Set hive.metastore.schema.verification property in hive-site.xml to true, by default it is false.
For further details check this link.

Amazon Athena
If you get here because of Amazon Athena errors, you might use this bit below. First check that all you files have the same schema:
If you run an ALTER TABLE ADD PARTITION (or MSCK REPAIR TABLE) statement and mistakenly specify a partition that already exists and an incorrect Amazon S3 location, zero byte placeholder files of the format partition_value_$folder$ are created in Amazon S3. You must remove these files manually.
We removed the files with the awscli.
aws s3 rm s3://bucket/key/table/ --exclude="*" --include="*folder*" --recursive --dryrun
See also the docs with some extra steps included.

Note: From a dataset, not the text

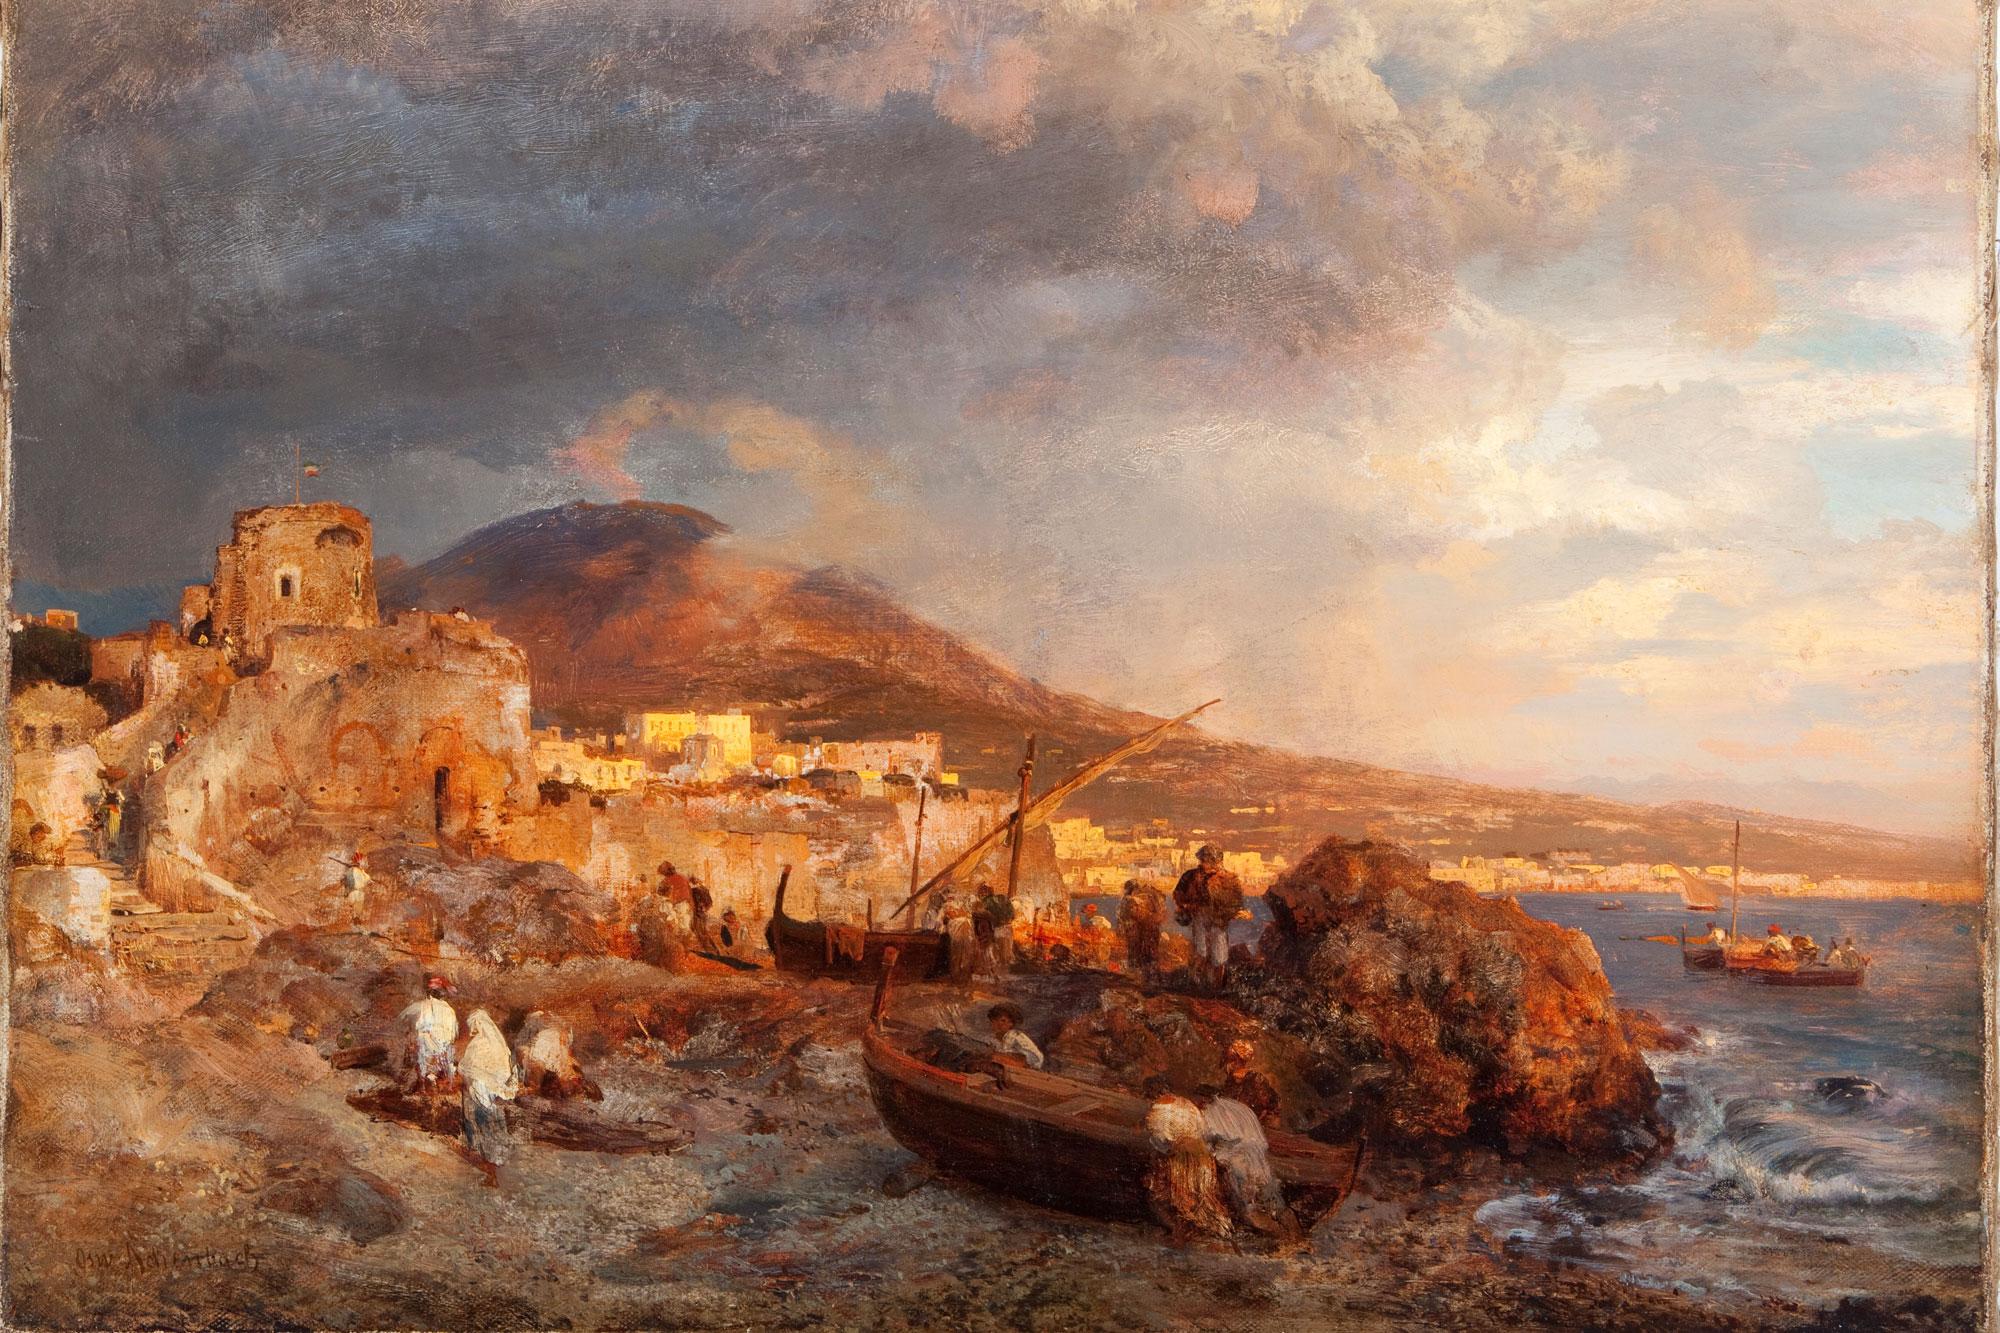 Oswald Achenbach (1827 – 1905) Bucht von Neapel Öl auf Leinwand, 45 x 64 cm Dr. Axe-Stiftung, Bonn. (Foto: Stadt Braunschweig)

To proper fix this with MSCK
Remove the older partitions from metastore, if their path not exists, using
ALTER TABLE dbname.tablename DROP PARTITION IF EXISTS (partition_column_name > 0);
RUN MSCK REPAIR COMMAND
MSCK REPAIR TABLE dbname.tablename;
Why the step 1 is required because MSCK Repair command will through error if the partition is removed from the file system (HDFS), so by removing all the partitions from the metastore first and then sync with MSCK will properly add the required partitions

The reason why we got this error was we added a new column to the external Hive table. set hive.msck.path.validation=ignore; worked upto fixing hive queries but Impala had additional issues which were solved with below steps:
After doing an invalidate metadata, Impala queries started failing with Error: incompatible Parquet schema for column
Impala error SOLUTION: set PARQUET_FALLBACK_SCHEMA_RESOLUTION=name;
if you're using Cloudera distribution below steps will make the change permanent and you don't have to set the option per session.
Cloudera Manager -> Clusters -> Impala -> Configuration -> Impala Daemon Query Options Advanced Configuration Snippet (Safety Valve)
Add the value: PARQUET_FALLBACK_SCHEMA_RESOLUTION=name
NOTE: do not use SET or semi-colon when setting the parameter in Cloudera Manager

open hive cli using "hive --hiveconf hive.root.logger=DEBUG,console" to enable logs and debug from there, in my case a camel case name for partition was written on hdfs and i created hive table with its name fully in lowercase.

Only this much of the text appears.